Яблони Казанцева с видом на «Исеть»

Евгений СУСОРОВ, 24 сентября 2015 

 Дикими яблонями в центре города давно уже никого не удивишь. А вот этой красавице, по-научному именуемой «Домашняя», ещё предстоит удивлять горожан и гостей Екатеринбурга: ведь она настоящая, садовая, с плодами размером с хороший кулак, да ещё и растёт посреди квартала перспективной деловой застройки, более известного как «Екатеринбург-Сити».

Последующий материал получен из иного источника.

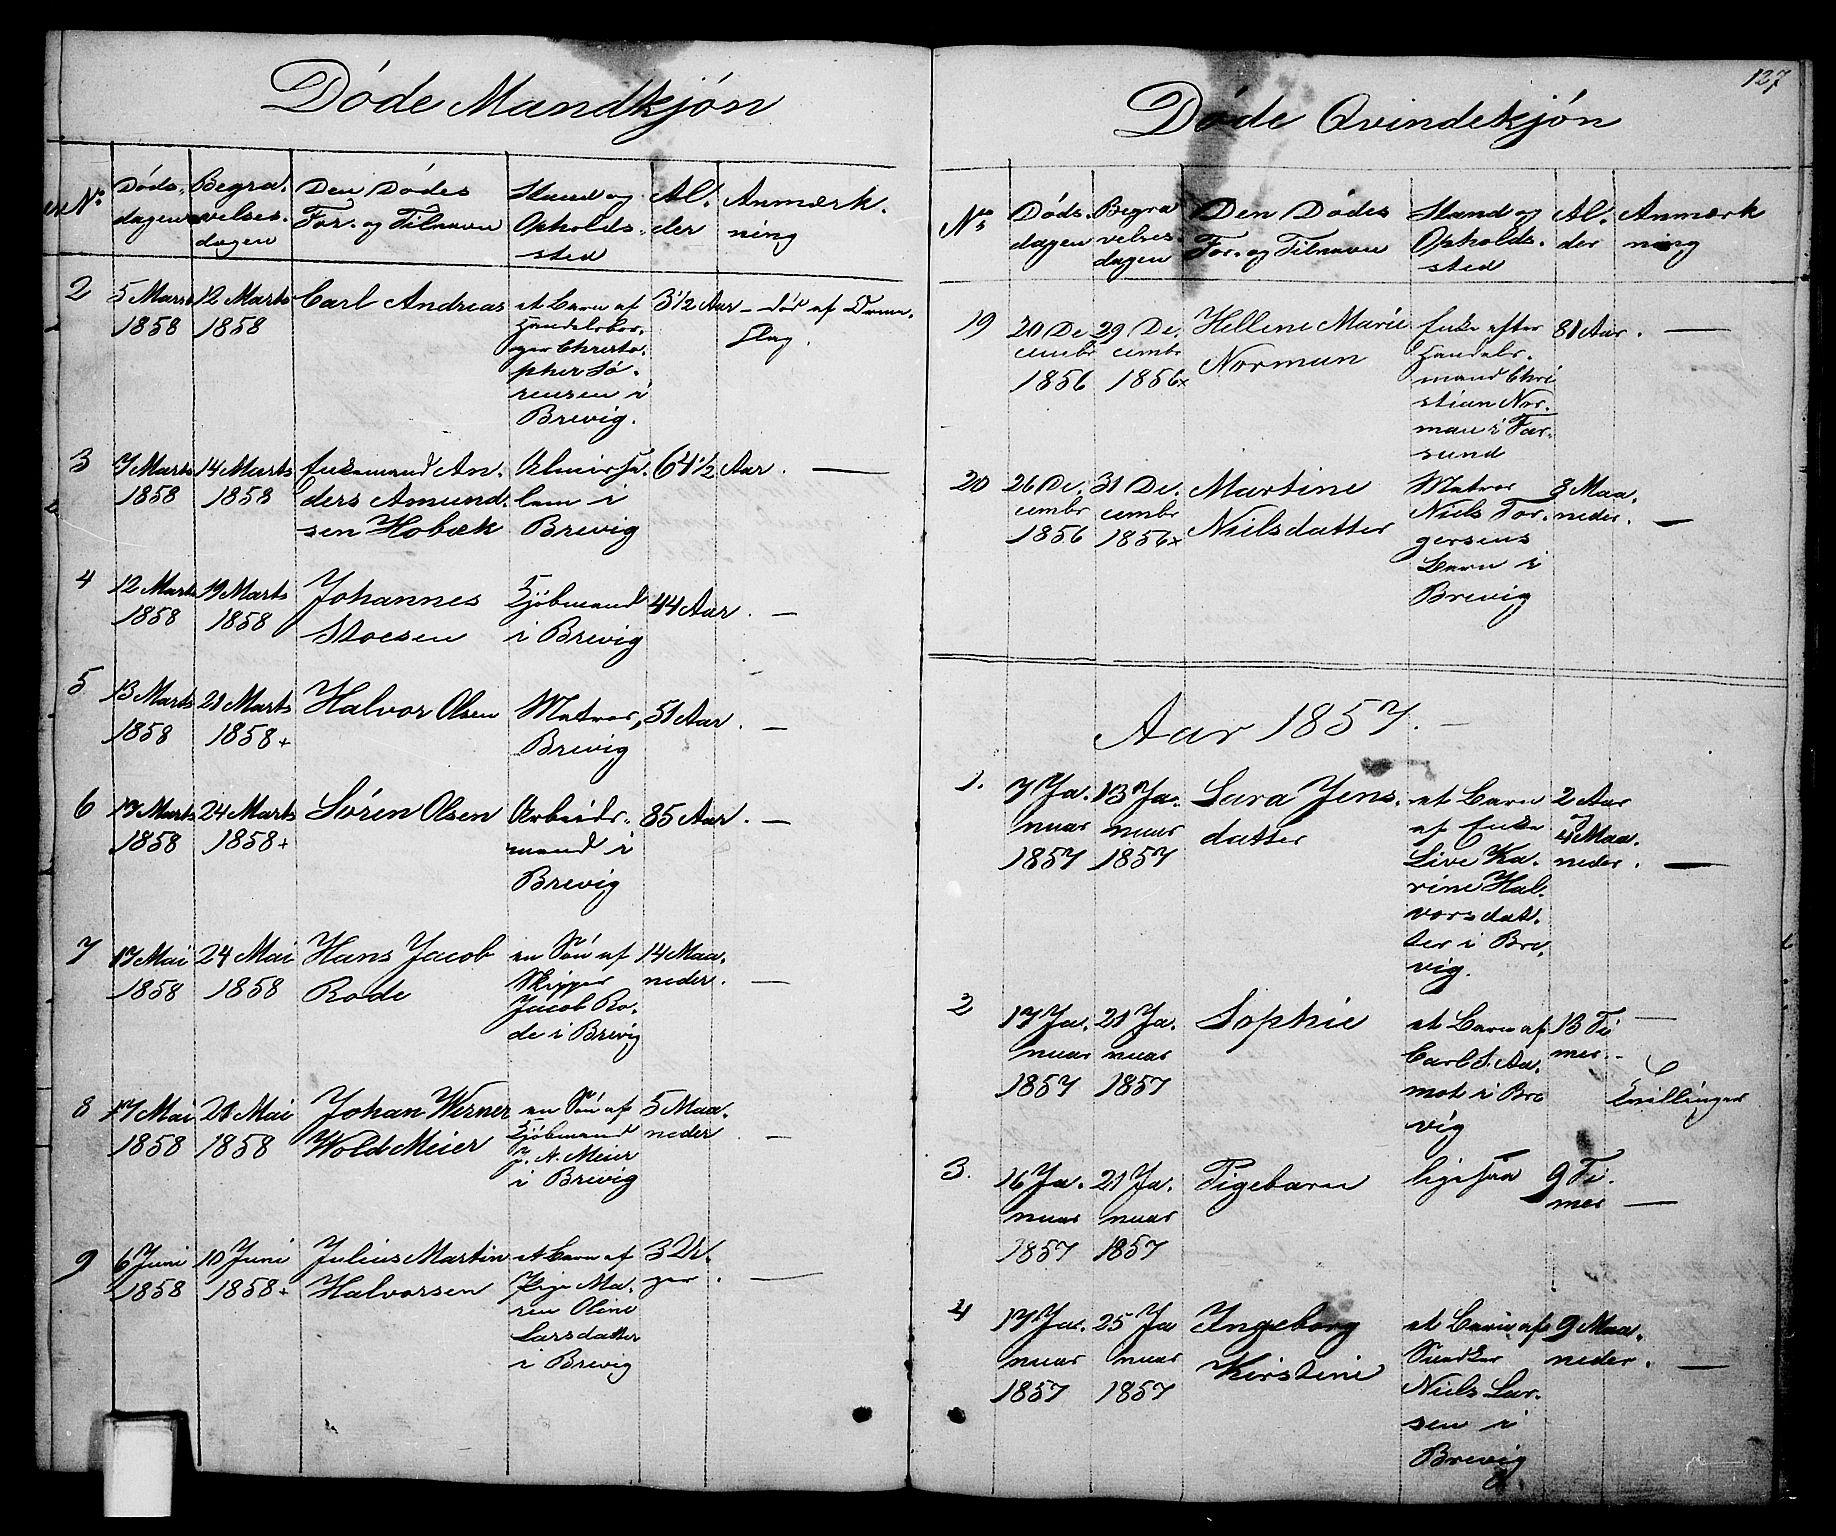 SAKO, Brevik kirkebøker, G/Ga/L0002: Klokkerbok nr. 2, 1846-1865, s. 127
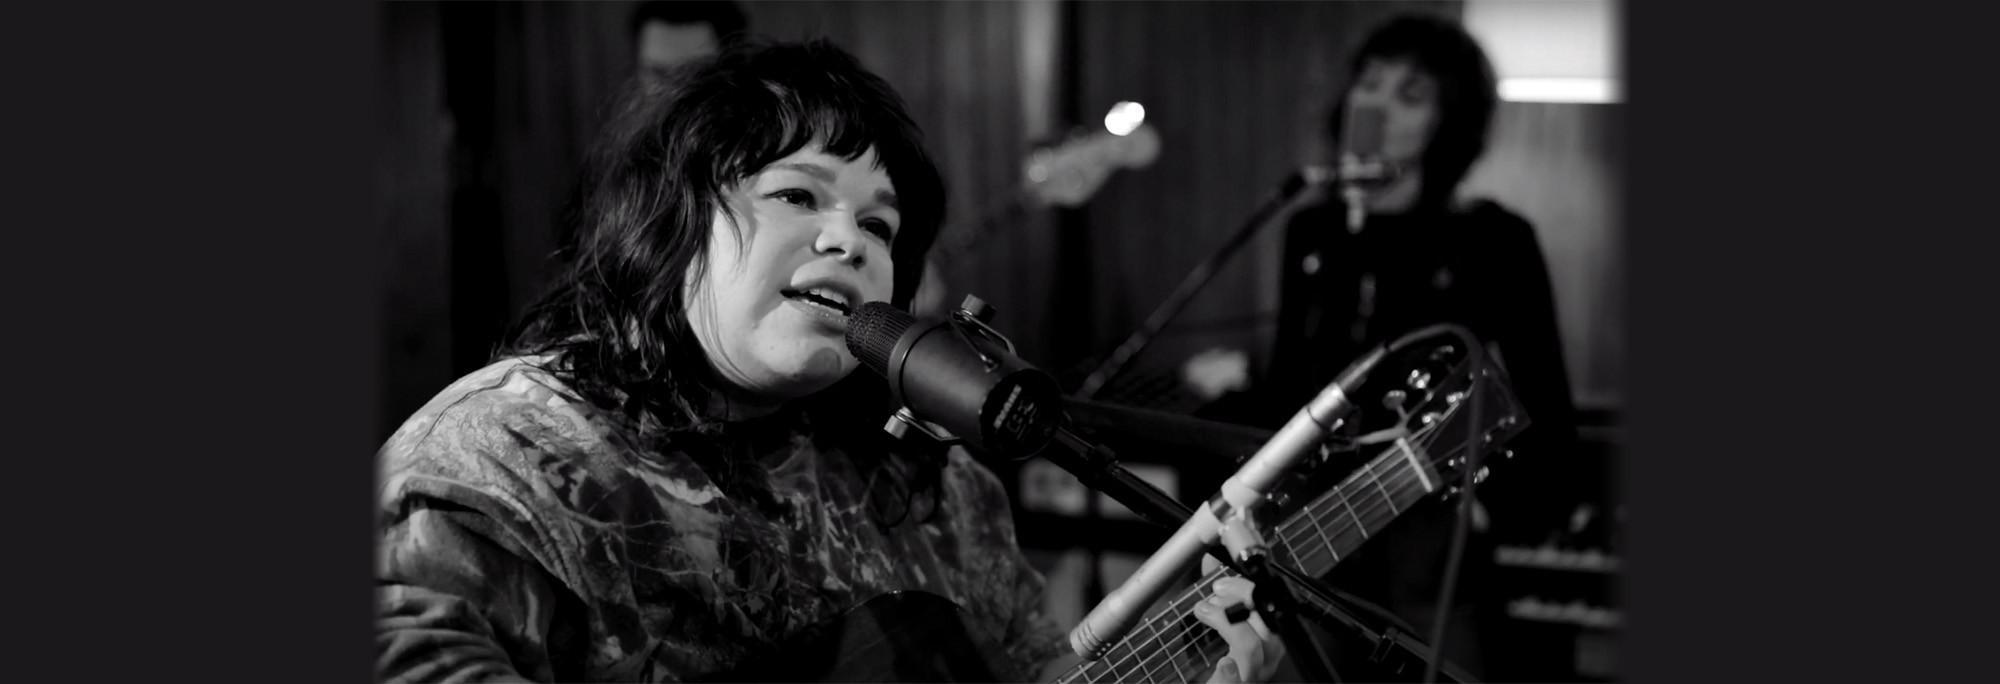 Samantha Crain - Reunion (Lunar Manor Studio Sessions)

Плодов, правда, на ней пока нет — не сезон, да и вызревать саженцу до стадии плодоношения ещё два-три года. Зато руки, сажавшие его в лунку, принадлежат настоящим профессионалам садоводческого дела: директору Свердловской селекционной станции садоводства Ирине БОГДАНОВОЙ, директору института лесопромышленного бизнеса и дорожного строительства УГЛТУ Эдуарду ГЕРЦУ и ректору Уральского лестеха Андрею МЕХРЕНЦЕВУ. Впрочем, в гордом одиночестве ей расти не судьба: целую аллею яблонь, выведенных уральскими селекционерами специально для наших подзолистых почв и неласкового климата, высадил в среду, 23 сентября, у подножия башни «Исеть» десант «садоводов-любителей», состоящий из учёных УрО РАН, сотрудников Свердловского областного краеведческого музея, Музея истории плодового садоводства Среднего Урала и представителей строительной компании, ведущей застройку Сити. По словам участников акции, новорождённая Уральская аллея садоводства станет одним из ярких объектов на туристической карте города и позволит воссоздать массив зелёных насаждений, частично утраченных при строительстве делового комплекса.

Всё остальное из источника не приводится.